Quantitative metagenomics is an important field that has delivered successful microbiome biomarkers associated with host phenotypes. The current convention mainly depends on unsupervised assembly of metagenomic contigs with a possibility of leaving interesting genetic material unassembled. Additionally, biomarkers are commonly defined on the differential relative abundance of compositional or functional units. Accumulating evidence supports that microbial genetic variations are as important as the differential abundance content, implying the need for novel methods accounting for the genetic variations in metagenomics studies. We propose an information theoretic metagenome assembly algorithm, discovering genomic fragments with maximal self-information, defined by the empirical distributions of nucleotides across the phenotypes and quantified with the help of statistical tests. Our algorithm infers fragments populating the most informative genetic variants in a single contig, named supervariant fragments. Experiments on simulated metagenomes, as well as on a colorectal cancer and an atherosclerotic cardiovascular disease dataset consistently discovered sequences strongly associated with the disease phenotypes. Moreover, the discriminatory power of these putative biomarkers was mainly attributed to the genetic variations rather than relative abundance. Our results support that a focus on metagenomics methods considering microbiome population genetics might be useful in discovering disease biomarkers with a great potential of translating to molecular diagnostics and biotherapeutics applications.
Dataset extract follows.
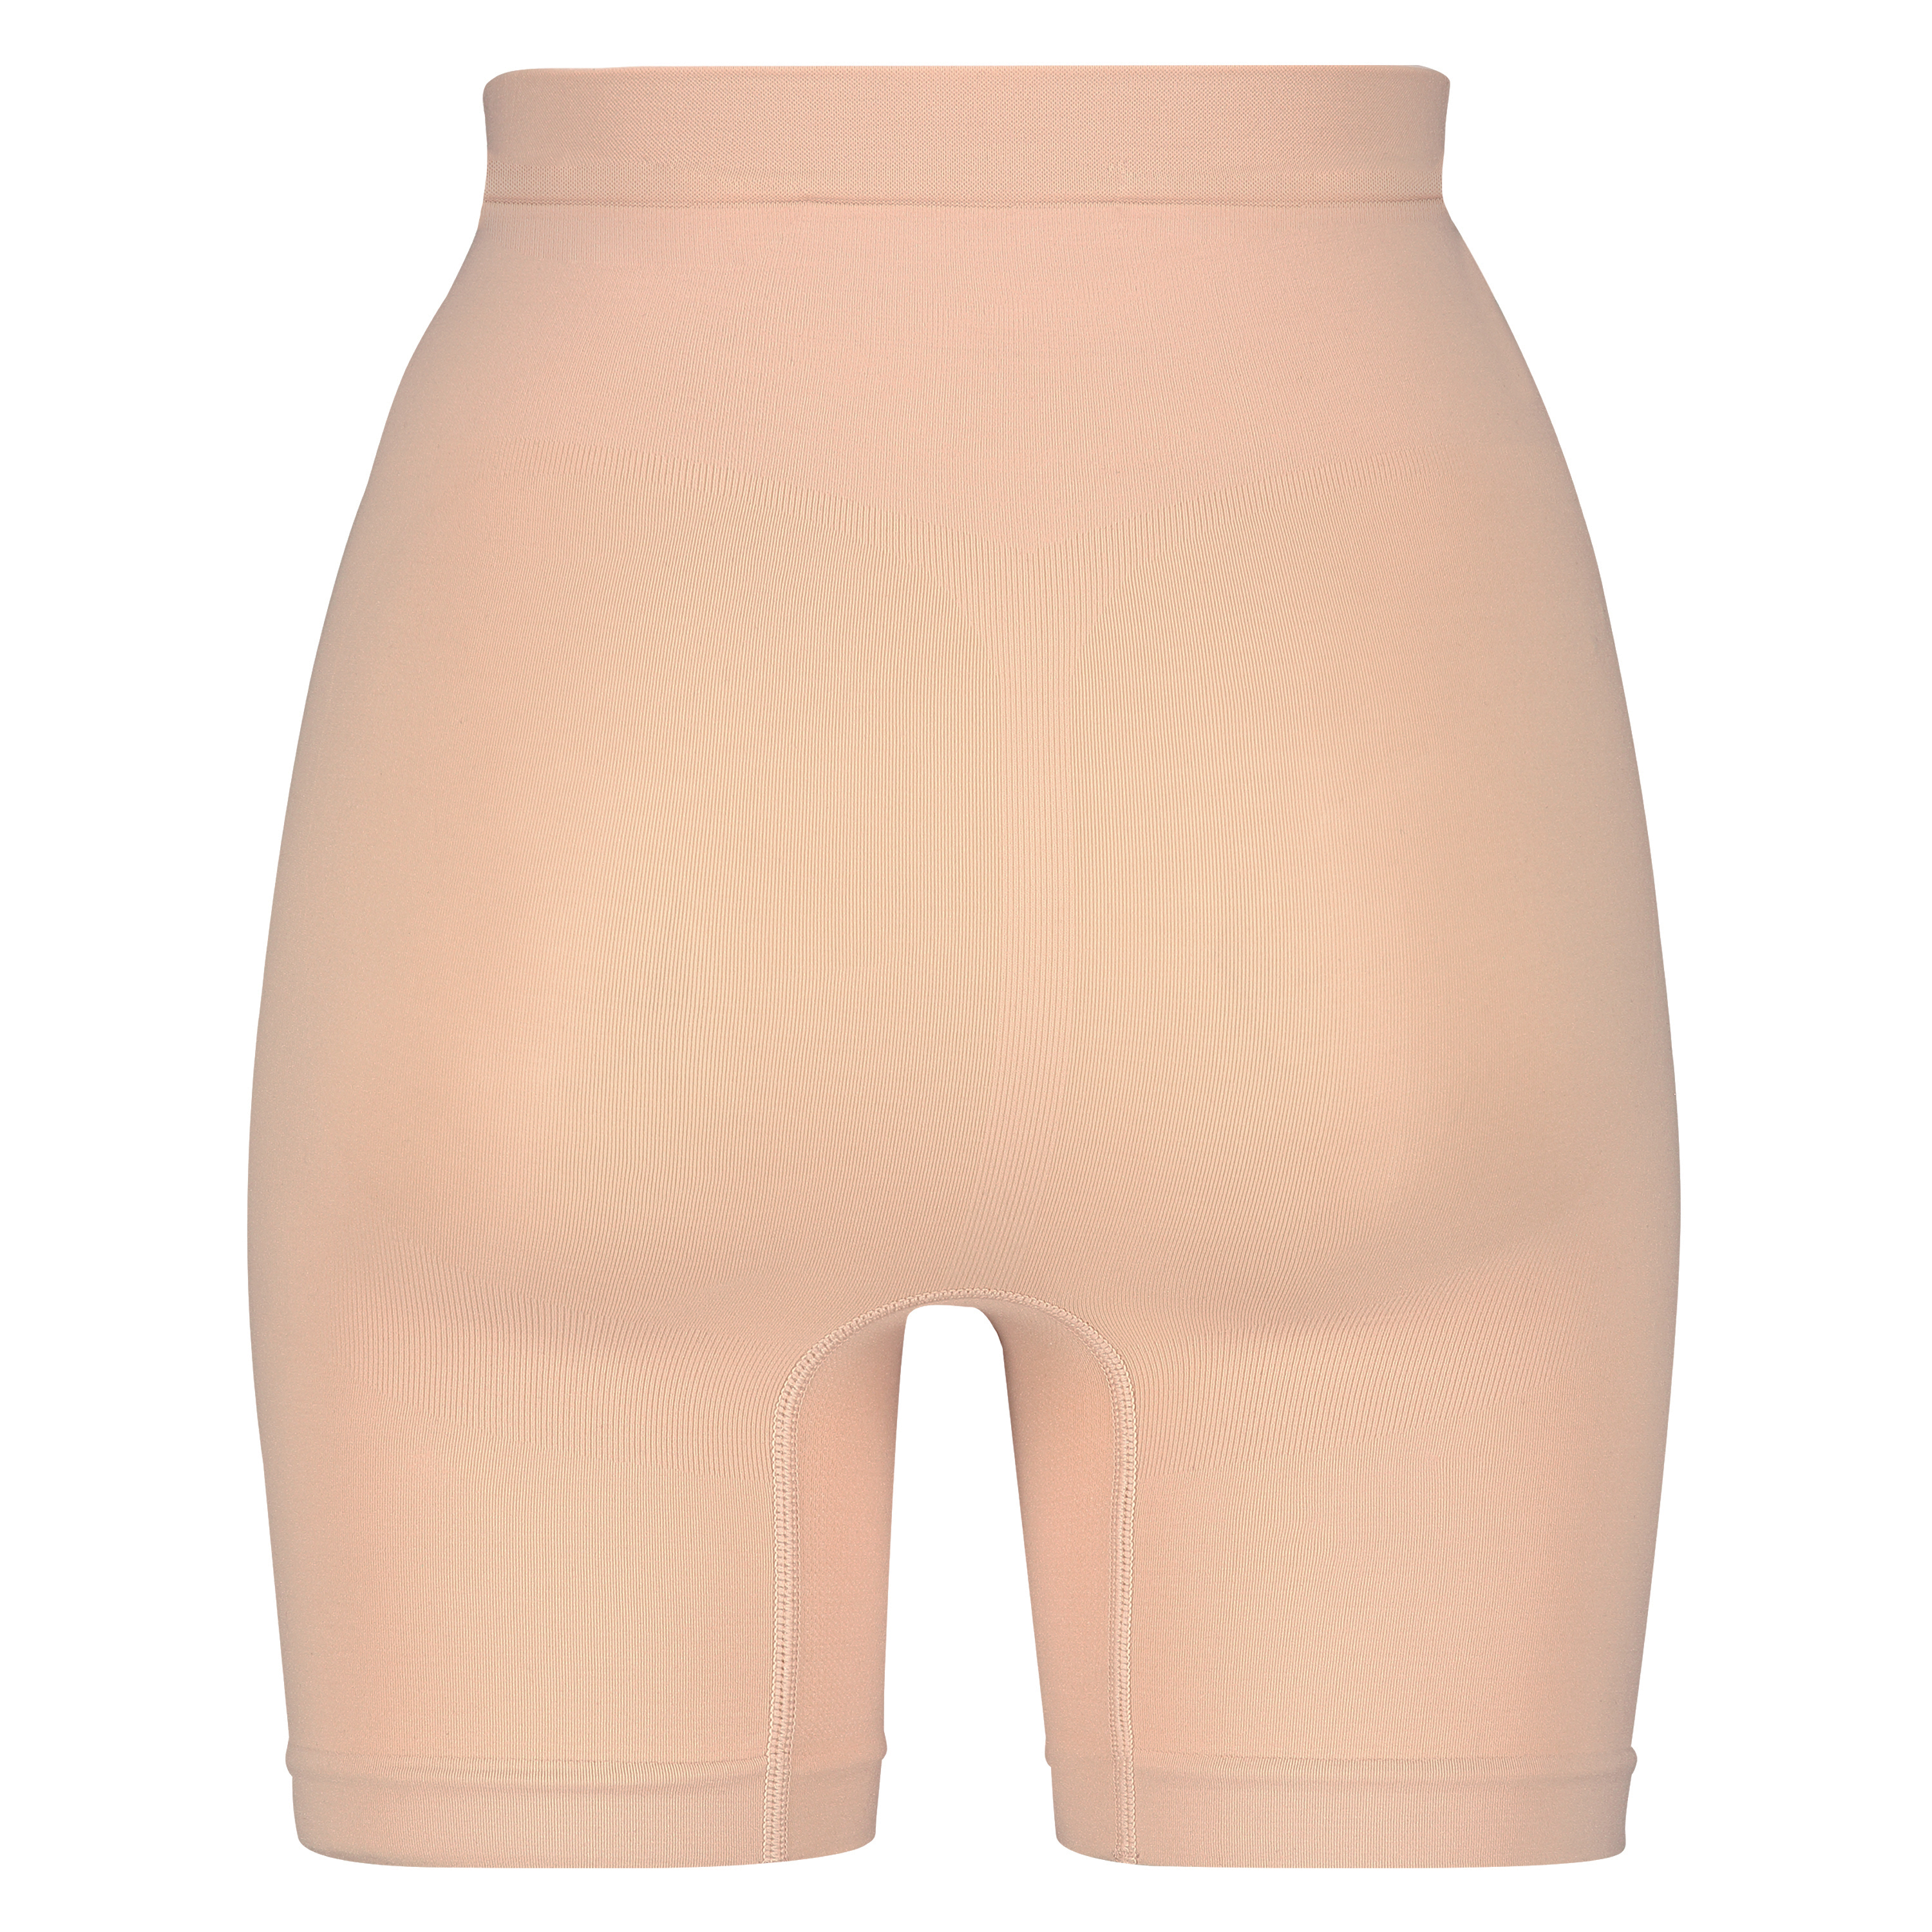 Firming high waisted thigh slimmer - Level 2, Beżowy, main

MIMOSA: Algorithms for Microbial Profiling.

A significant goal of the study of metagenomes obtained from an environment is to find the microbial diversity and the abundance of each organism in the community. Phylotyping and binning methods which address this problem generally operate using either marker sequences or by classifying each genome fragment individually. However, these approaches might not use all the information contained in the metagenome. We propose an approach based on a Multiple Input Multiple Output (MIMO) communication system model. Results from two different implementations of this approach, one using DNA-DNA hybridization simulations and one using short read mapping are evaluated using simulated and actual metagenomes and compared with other methods of phylotyping. The proposed approaches generally performed better under different scenarios including pathogen detection tasks of community complexity and low and high sequencing coverage while being highly computationally effective. The resulting framework can be integrated to metagenome analysis pipelines for phylogenetic diversity estimation. The approach is modular so that techniques other than hybridization simulations and short read mapping may be integrated. We have observed that even for low coverage samples, the method provides accurate estimates. Therefore, the use of the proposed strategy could enable the task of exploring biodiversity with limited resources.

Dynamic programming.

Independent scoring of the aligned sections to determine the quality of biological sequence alignments enables recursive definitions of the overall alignment score. This property is not only biologically meaningful but it also provides the opportunity to find the optimal alignments using dynamic programming-based algorithms. Dynamic programming is an efficient problem solving technique for a class of problems that can be solved by dividing into overlapping subproblems. Pairwise sequence alignment techniques such as Needleman-Wunsch and Smith-Waterman algorithms are applications of dynamic programming on pairwise sequence alignment problems. These algorithms offer polynomial time and space solutions. In this chapter, we introduce the basic dynamic programming solutions for global, semi-global, and local alignment problems. Algorithmic improvements offering quadratic-time and linear-space programs and approximate solutions with space-reduction and seeding heuristics are discussed. We finally introduce the application of these techniques on multiple sequence alignment briefly.